But they’re not carrying those seeds in their paws… they’ve got to be carrying them in their mouths! Imagine stuffing your mouth full of thistle seeds and then scurrying over the ground and up a tree before trying to spit all that stuff out again. Think about what it feels like to have a hair in your mouth and the sound and faces you make as you try to dislodge it. Now imagine the same sounds and faces on an adorable little mouse trying to spit out an entire mouthful of thistle fluff, which has to be far more worse than hair. This is the lasting imagery in my head, and I can’t tell whether I should be laughing or feeling regretful for screwing up the results of all that effort.

Tall thistle seeds. Nutritious, graceful, and not something you’d want to carry around in your mouth.

I really do feel badly about disturbing all those mice, though at least the weather was really nice as they sought shelter elsewhere. Hopefully, all the mice made their way back to those nests and didn’t mind that the host trees were now oriented horizontally instead of vertically. But while I feel bad about (temporarily?) dislodging them, and while I know it’s not nice of me at all, I’m even more distracted by what sound those mice must have made when they tried to spit out all those fluffy seeds…

‘Phleh! Phleh! Phleh!!’

This entry was posted in Uncategorized by Chris Helzer. Bookmark the permalink.

About Chris Helzer

Chris Helzer is the Director of Science for The Nature Conservancy in Nebraska.
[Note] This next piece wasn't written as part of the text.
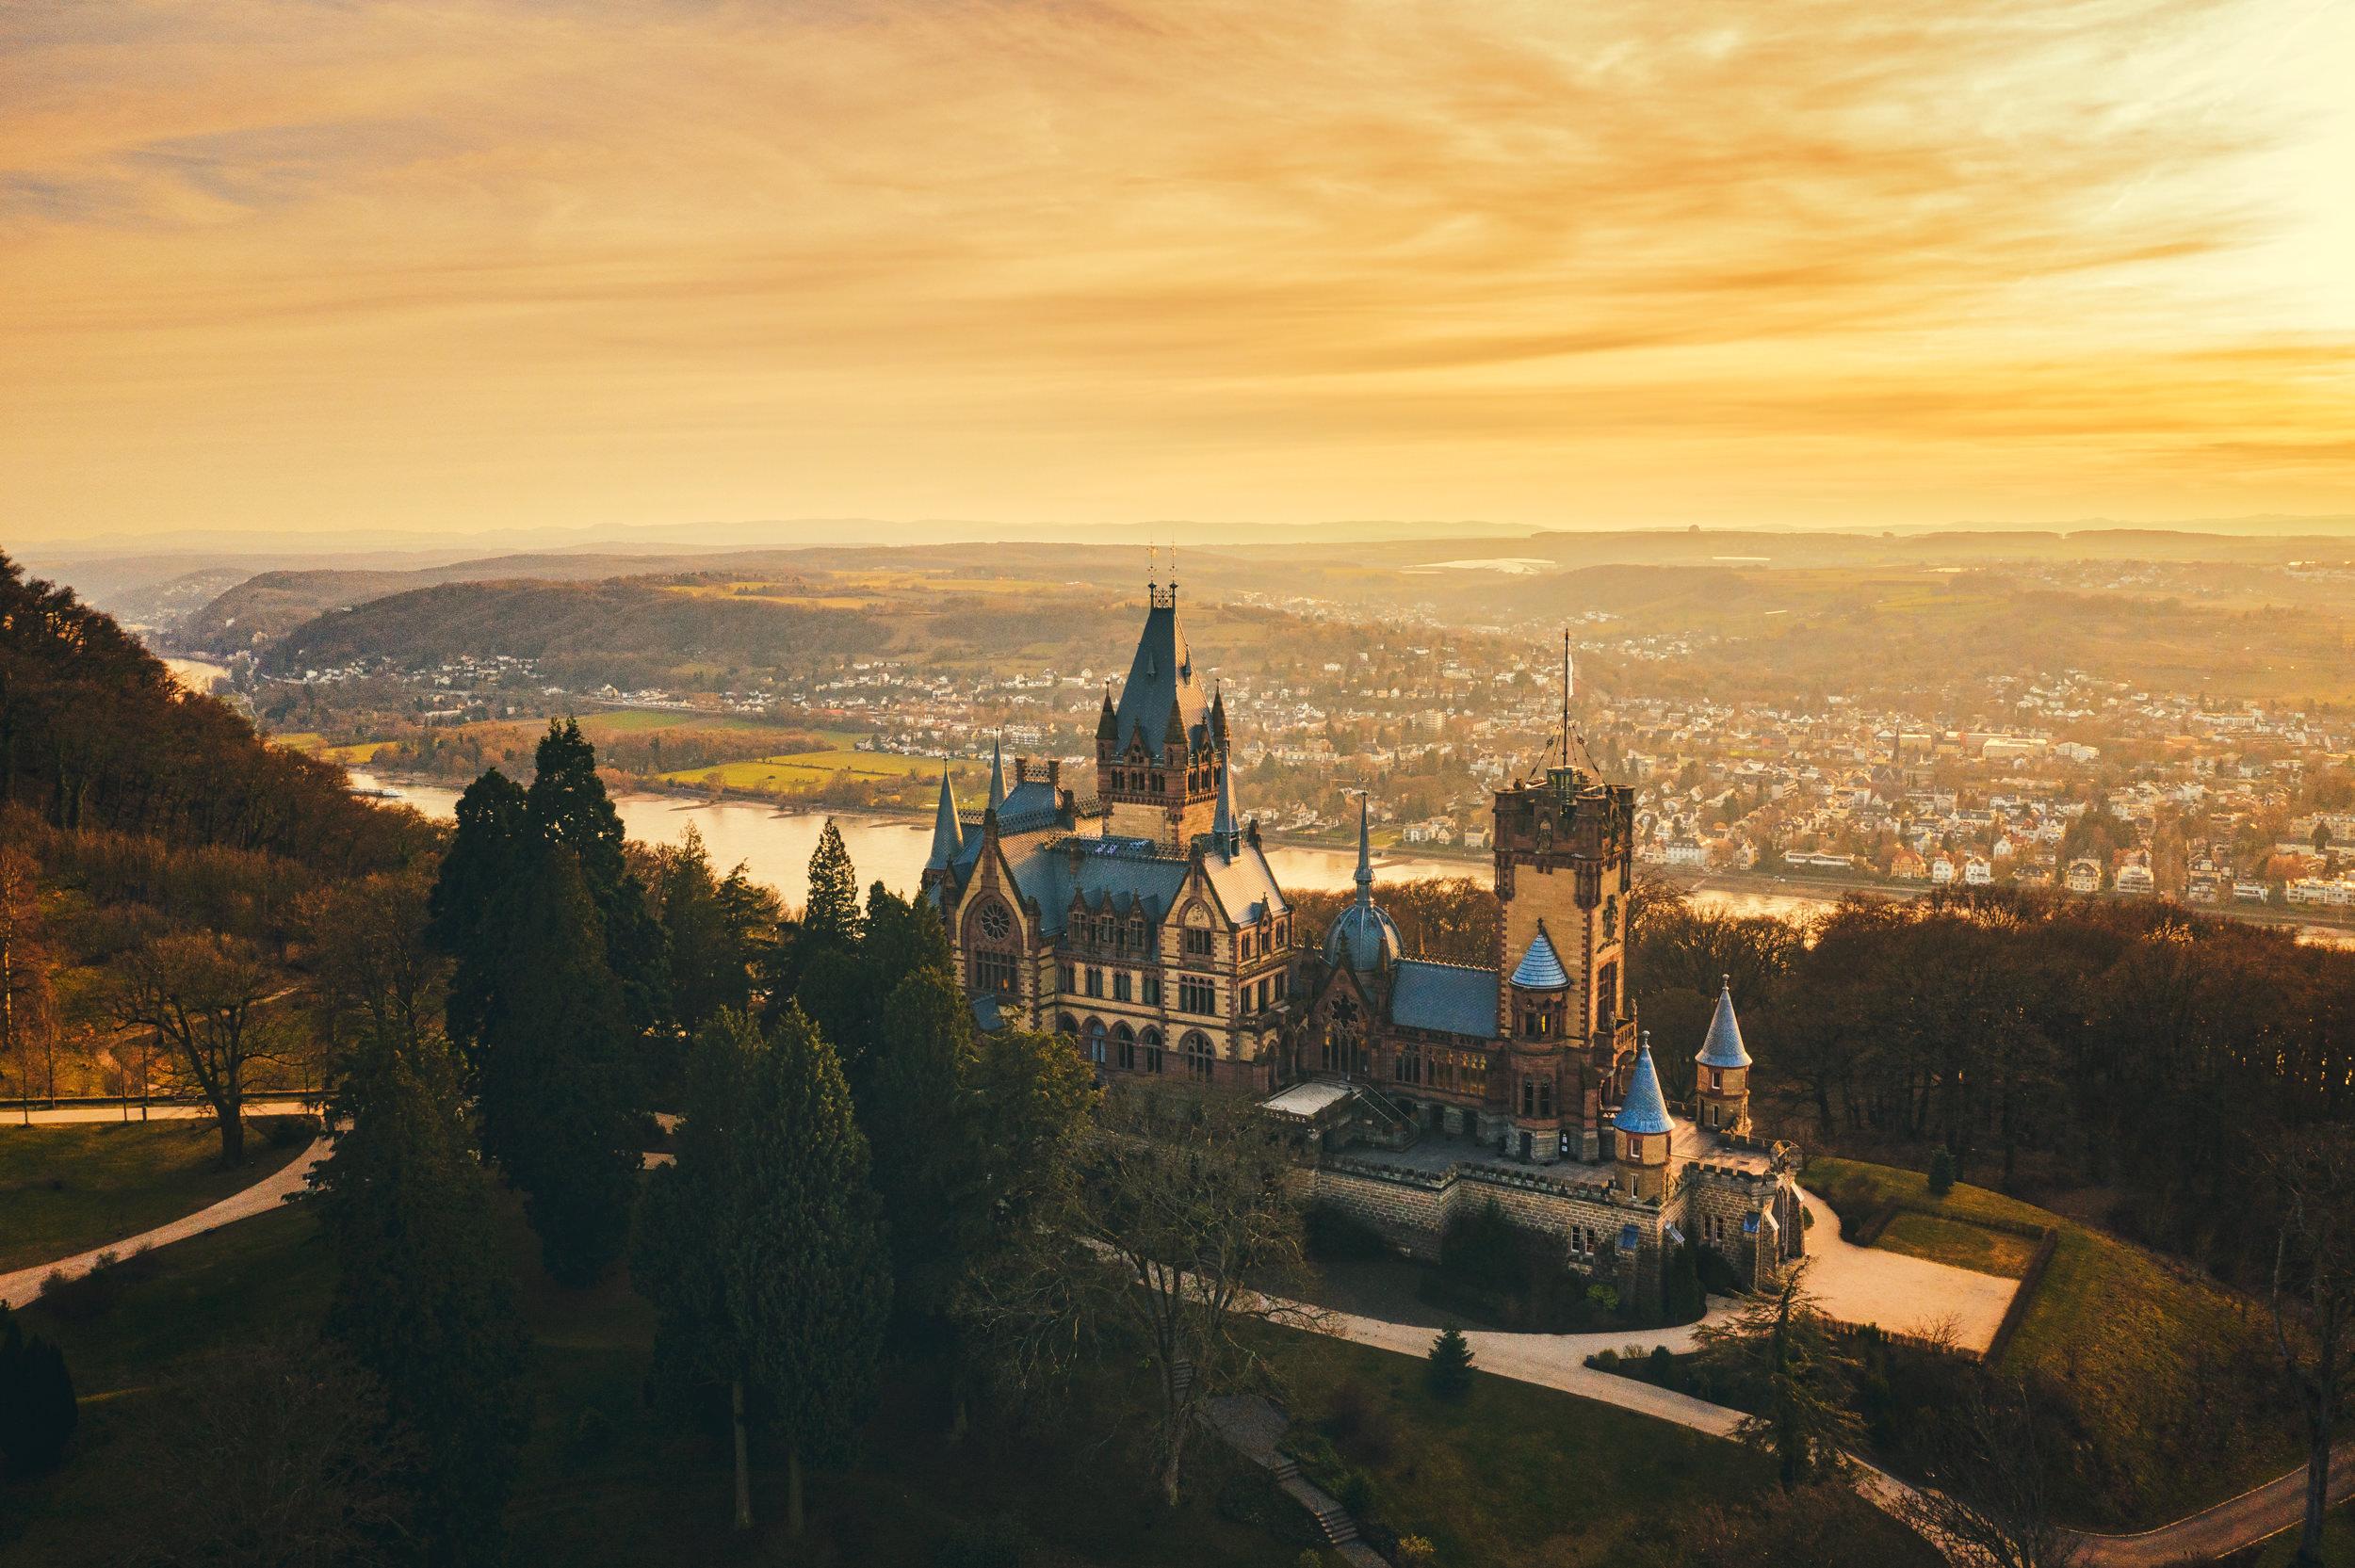 Landschaftsfotografie fotograf filmemacher frankfurt patrick schmetzer drohne landschaft natur 61

His main role is to evaluate and capture lessons from the Conservancy’s land management and restoration work and then share those lessons with other landowners – both private and public. In addition, Chris works to raise awareness about the importance of prairies and their conservation through his writing, photography, and presentations to various groups. Chris is also the author of "The Ecology and Management of Prairies in the Central United States", published by the University of Iowa Press. He lives in Aurora, Nebraska with his wife Kim and their children.

20 thoughts on “Another Example of the Value of Thistles

  1. Thank you for this post.
    As pollinator conservationists, we are trying to help land managers understand how to identify the different species.
    There are native and non-native thistles.
    Thistles are among the most important pollinator plants….offering food summer to fall.
    Also, wildlife eat them during cold winters when there’s not much else to eat, including hoofstock.
    Our horses love them for instance.

    Here’s a link to Xerces Society thistle ID factsheet.
    https://xerces.org/publications/guidelines/native-thistles-conservation-practitioners-guide

  2. While I agree that thistles are cool… I’ve even planted them…
    I’m appalled by your failure to value red cedar! Those aren’t the dreaded salt cedar, which isn’t even a cedar…
    I plant cedar to grow for posts and it does poorly for me… Luckily the black walnut and red mulberry do ok…
    A rot resistant wood is a valuable thing to have…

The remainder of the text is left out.